Woo Cheong Tea House’s new Chinese tea-based cocktails – each of which are paired with Chinese snacks – are the creation of bar manager Karlton Cheung, who employs innovative techniques to reinterpret classics in new and surprising ways. In particular, he uses traditional Chinese teas, including jasmine, osmanthus, pu’erh and more, to create speciality cocktails that are balanced in flavour, fragrance and hue.
To kick-start the evening, the Jasmine cocktail is the perfect choice.
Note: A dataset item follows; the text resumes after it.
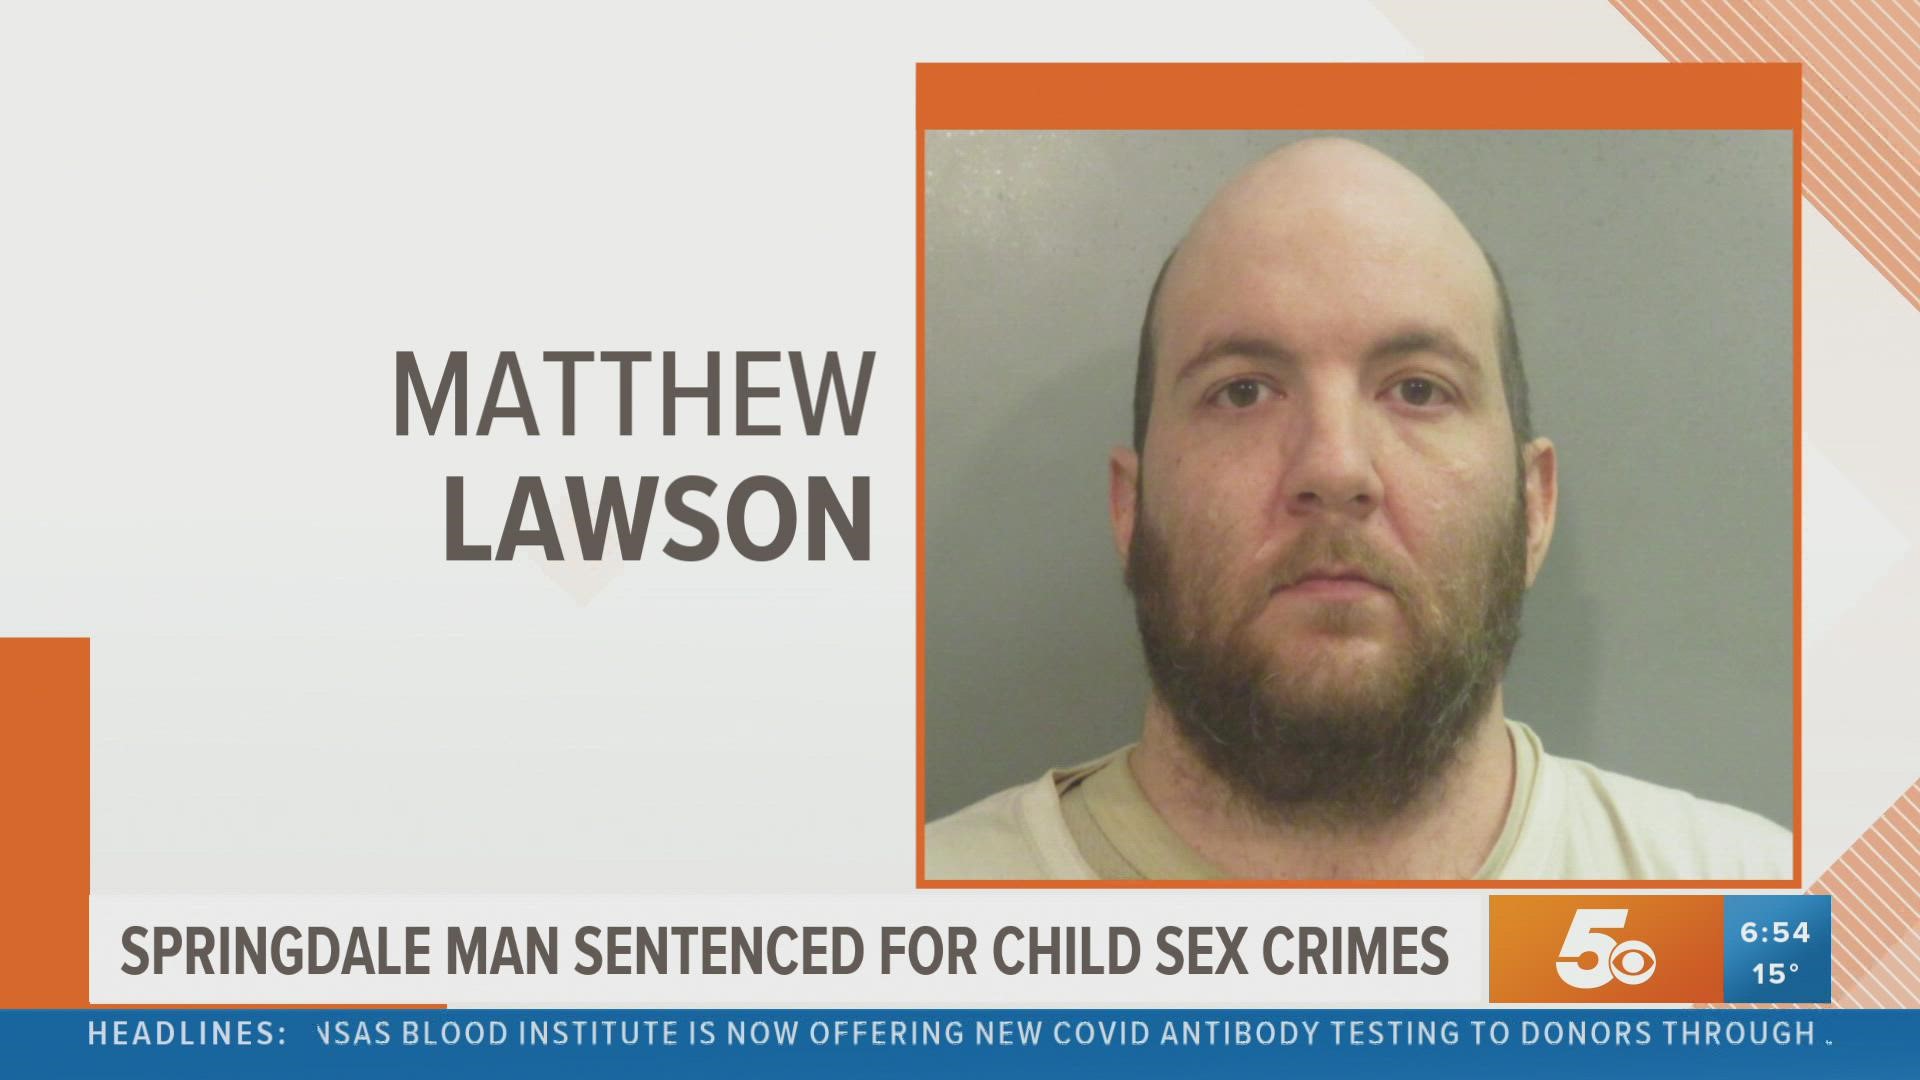 Matthew Lawson of Springdale was sentenced for child sex crimes.

A reimagining of the classic daiquiri, this sleek tipple uses verjus – a highly acidic juice made by pressing unripe grapes, crab-apples or other sour fruit – instead of citrus for extra acidity. It is then mixed with two types of rum to create a complex and layered drink.
The Chrysanthemum Negroni is a variation of the beloved Italian classic. Sweet chrysanthemum tea is combined with refreshing sauvignon blanc, gin and violette to create an elegant white cocktail infused with floral aromas. A lighter version of the original negroni, this tipple makes for a fantastic apéritif.
Finally, those who like bolder beverages should go for the Pu’erh Fashioned. This balanced, multi-layered cocktail starts with savoury notes of salted tangerine peel that lead into rich flavours of pu’erh tea and a whisky-driven acerbic finish. Bold and sophisticated, this is a great option to end a meal.